Task to complete - Set down the data below word for word, and leave the images aside.

Stored data -
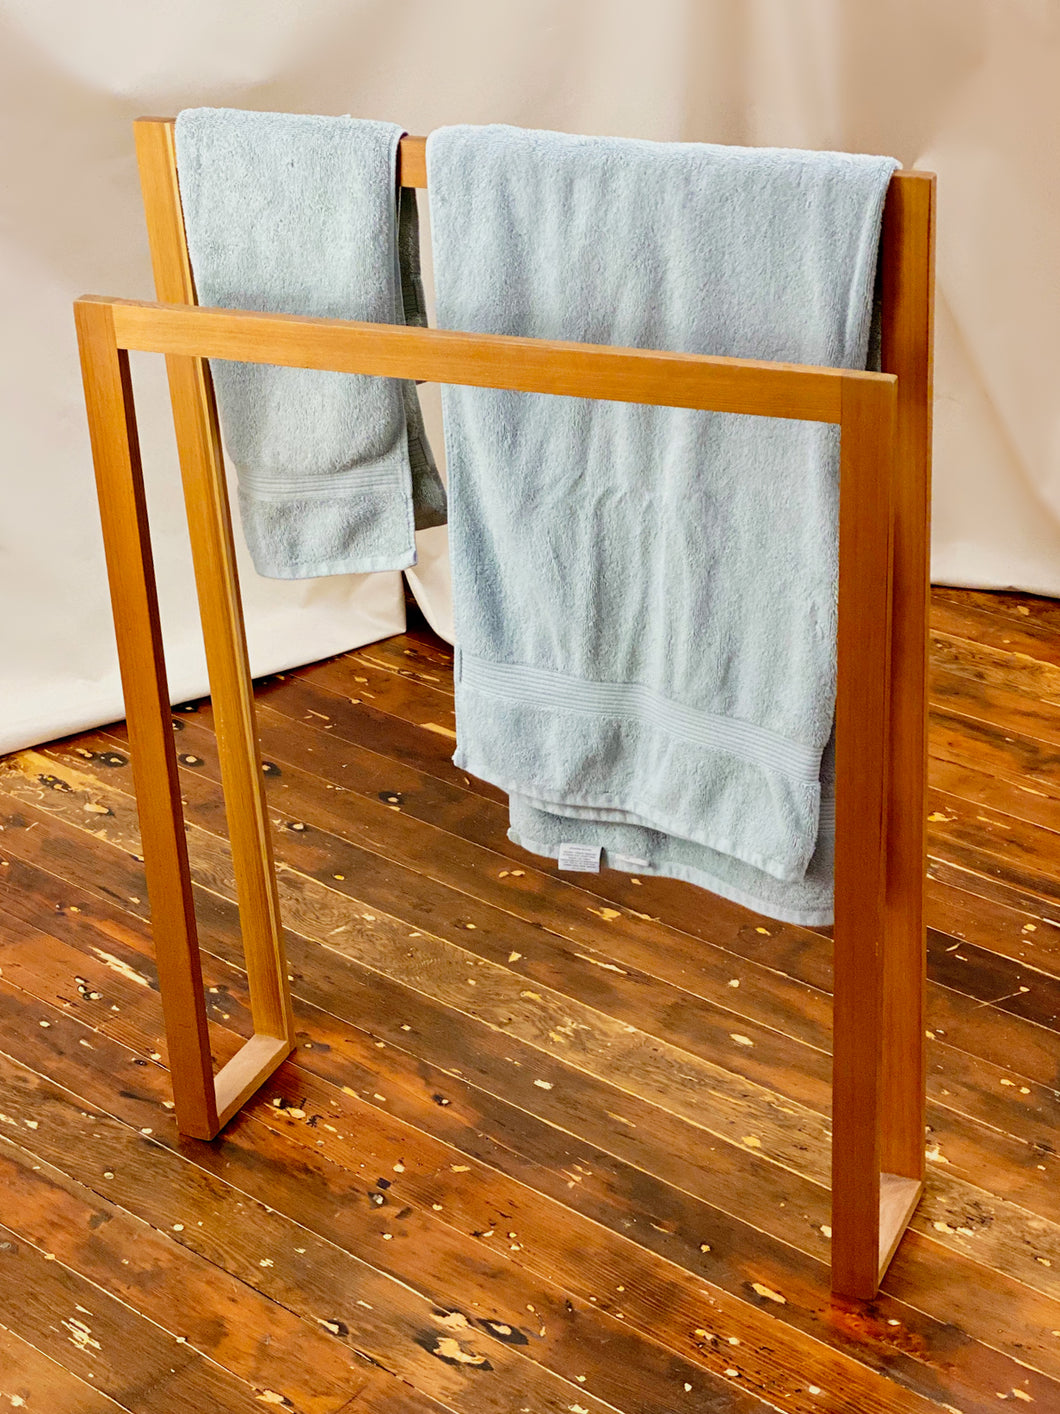 The Clothes Horse
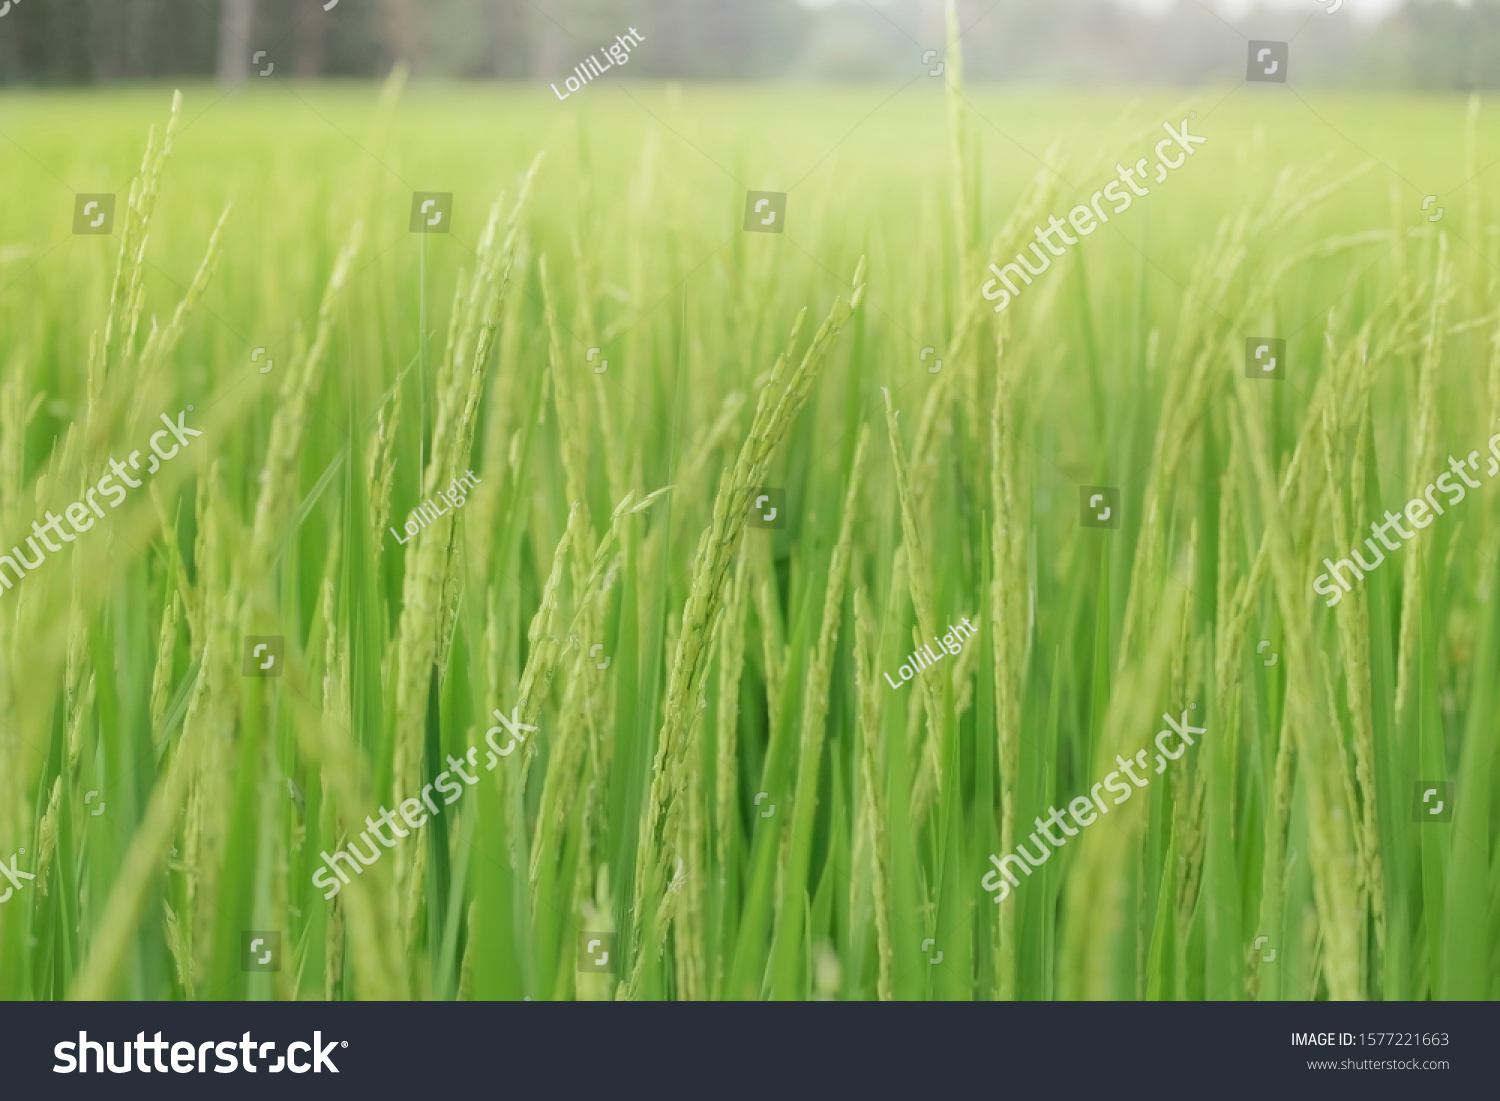 Closeup Shot of A Rice Field or Paddy Field, Rice field in farming countryside. #1577221663
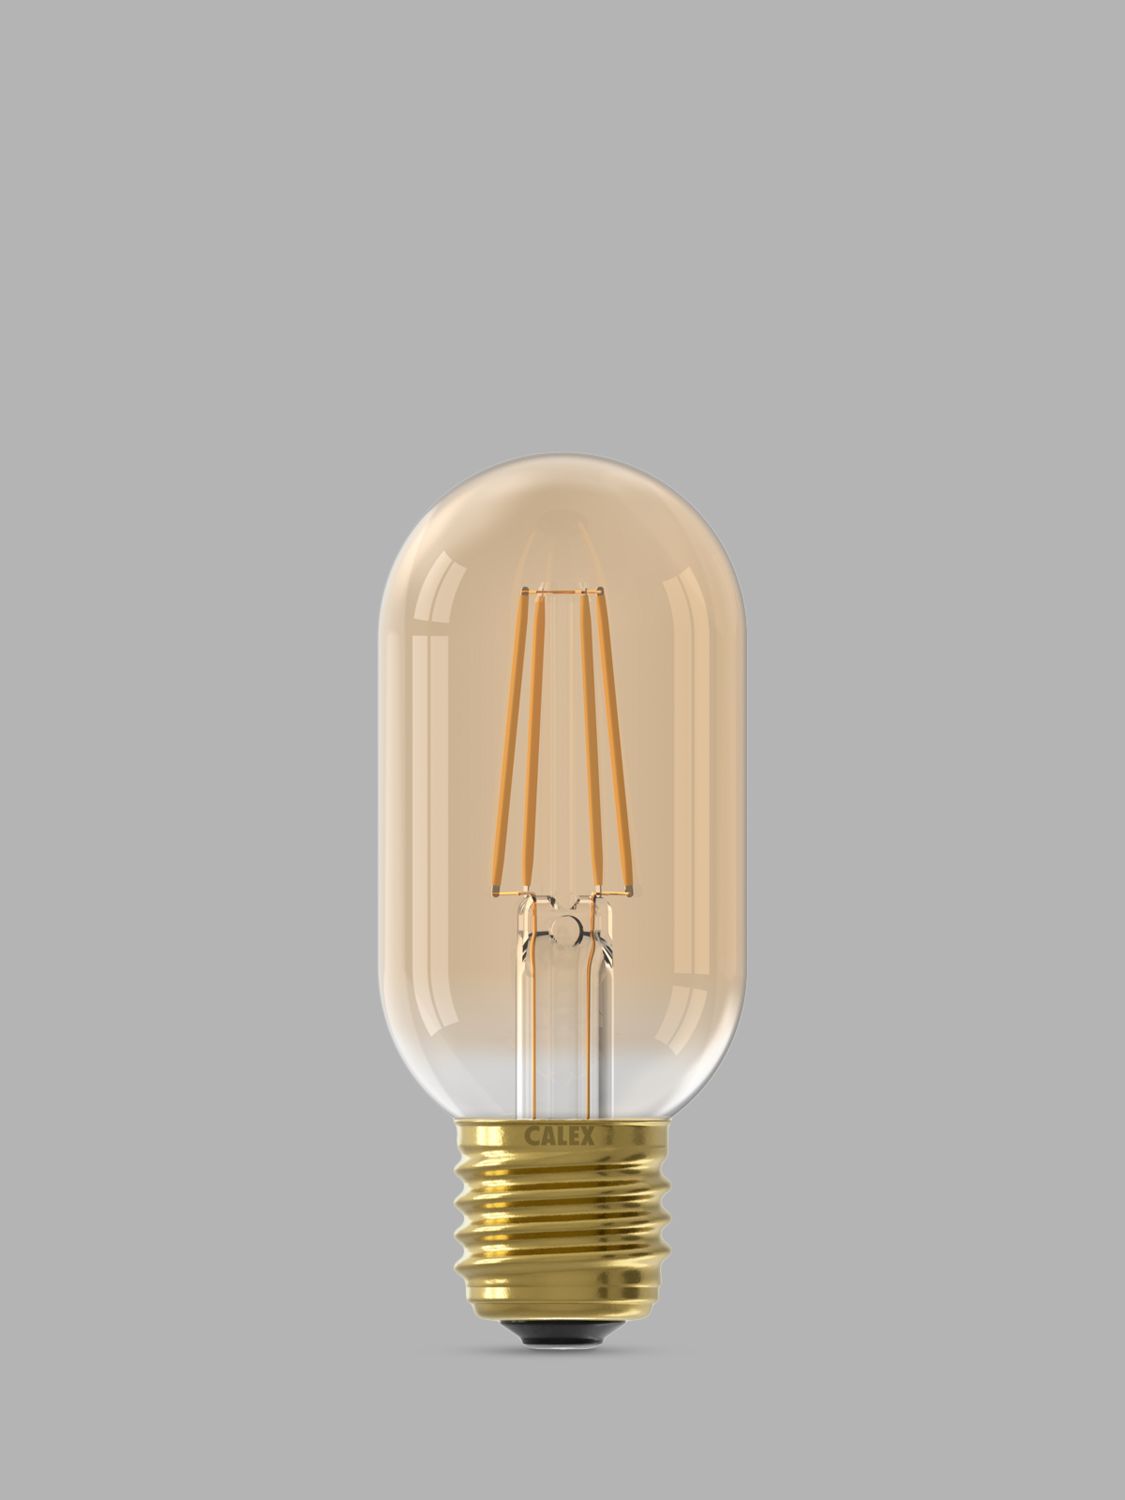 Photo of Calex 3.5w es led dimmable t45 bulb gold

Reply -
 The Clothes Horse
 Closeup Shot of A Rice Field or Paddy Field, Rice field in farming countryside. #1577221663
 Photo of Calex 3.5w es led dimmable t45 bulb gold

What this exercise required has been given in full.